No one answered this week's POTW. The solution, attributed to Kiran Kedlaya and his associates, follows:

It is known that the set of solutions of a system of
linear first-order differential equations with constant coefficients
is $n$-dimensional, with basis vectors of the form $f_{i}(t)
\vec{v}_{i}$ (i.e.\ a function times a constant vector), where the
$\vec{v}_{i}$ are linearly independent. In
particular, our solution $\vec{x}(t)$ can be written as $\sum_{i=1}^{n}
c_{i}f_{i}(t) \vec{v}_{1}$.

Choose a vector $\vec{w}$ orthogonal to $\vec{v}_{2}, \dots,
\vec{v}_{n}$ but not to $\vec{v}_1$. Since $\vec{x}(t) \to 0$ as $t
\to \infty$, the same is true of $\vec{w} \cdot \vec{x}$; but that is
simply $(\vec{w} \cdot \vec{v}_{1}) c_{1} f_{1}(t)$. In other words,
if $c_{i} \neq 0$, then $f_{i}(t)$ must also go to 0.

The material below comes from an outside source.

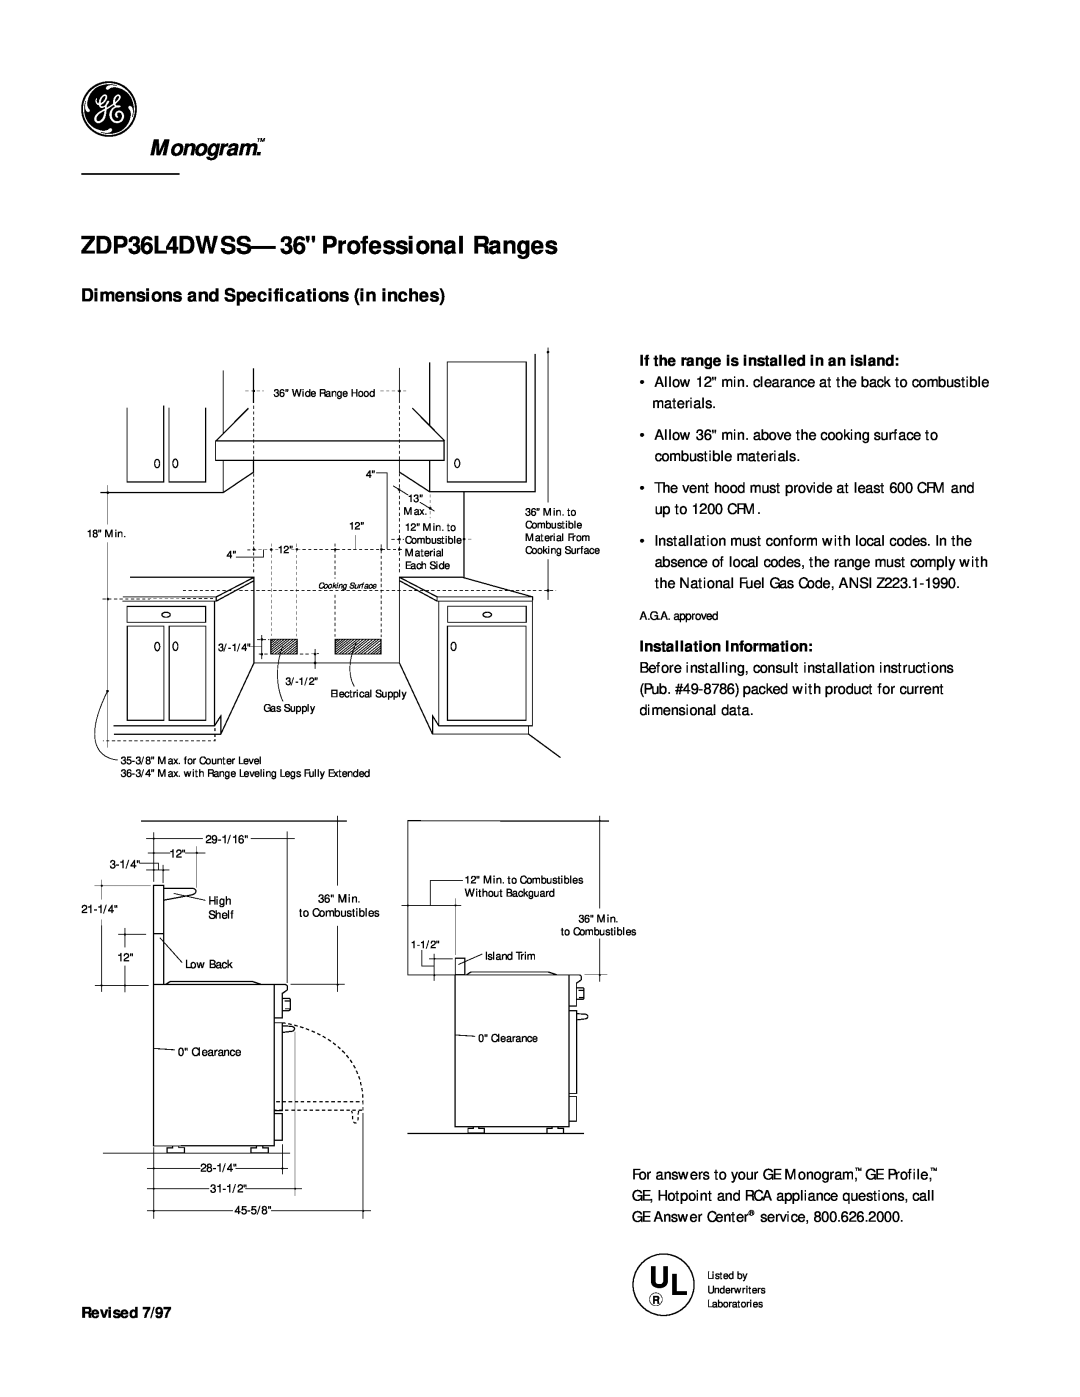 GE ZDP36L4DWSS-36 Professional Ranges, Monogram, Dimensions and Specifications in inches, Installation Information 
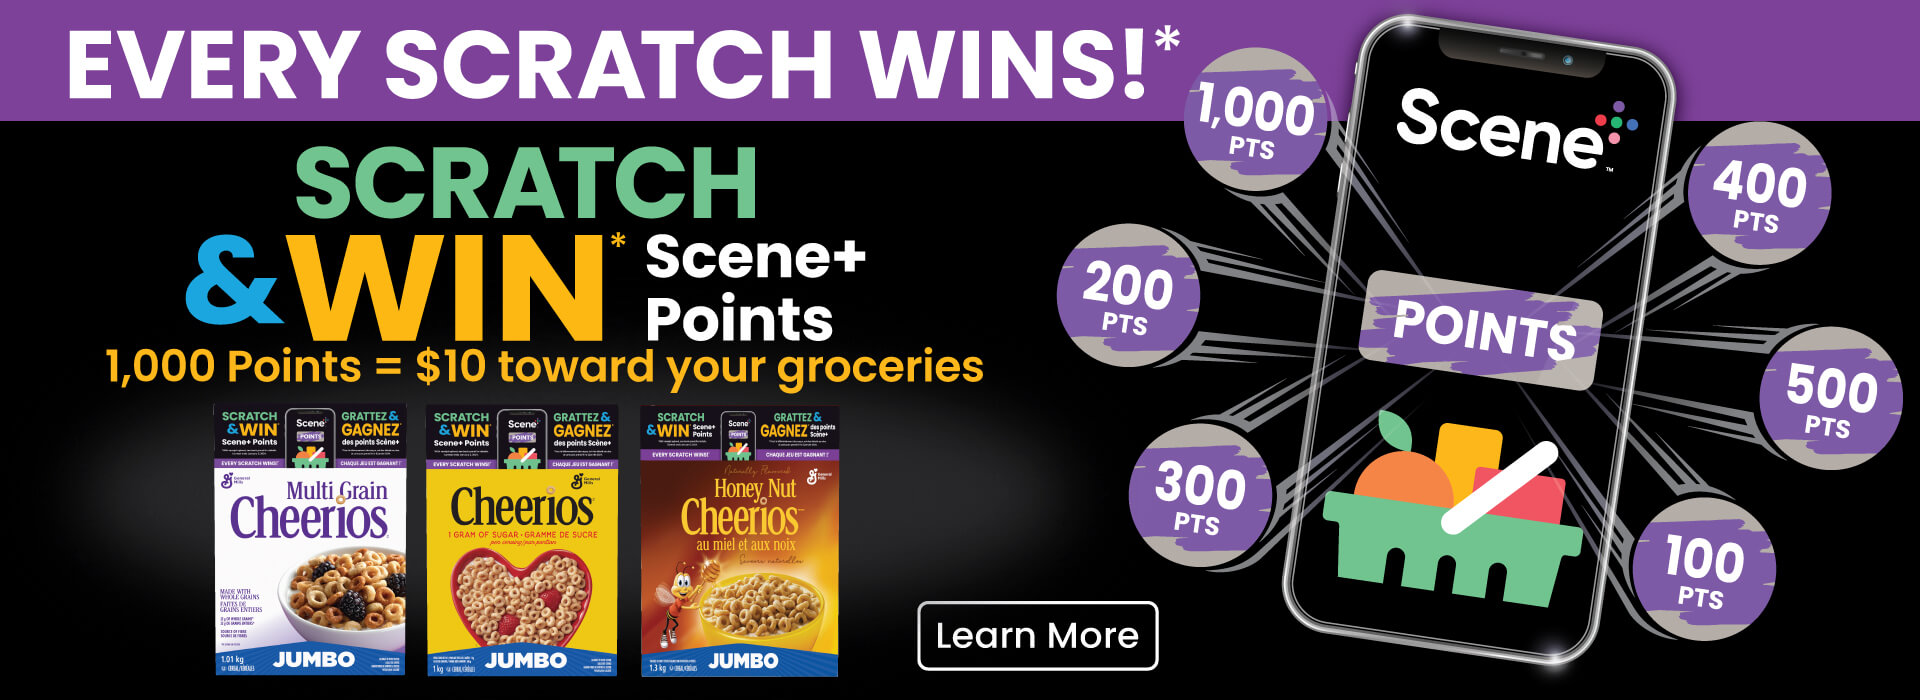 General Mills Scratch & Win Scene+ Points Contest. See specially marked Jumbo boxes of Cheerios or in-store for more details.

However, it is easy to exhibit a solution which does not go to 0. The
sum of the eigenvalues of the matrix $A = (a_{ij})$, also known as the
trace of $A$, being the sum of the diagonal entries of $A$, is
nonnegative, so $A$ has an eigenvalue $\lambda$ with nonnegative real
part, and a corresponding eigenvector $\vec{v}$. Then $e^{\lambda t}
\vec{v}$ is a solution that does not go to 0. (If $\lambda$ is not
real, add this solution to its complex conjugate to get a real
solution, which still doesn't go to 0.)

Hence one of the $c_{i}$, say $c_{1}$, is zero, in which case
$\vec{x}(t) \cdot \vec{w} = 0$ for all $t$.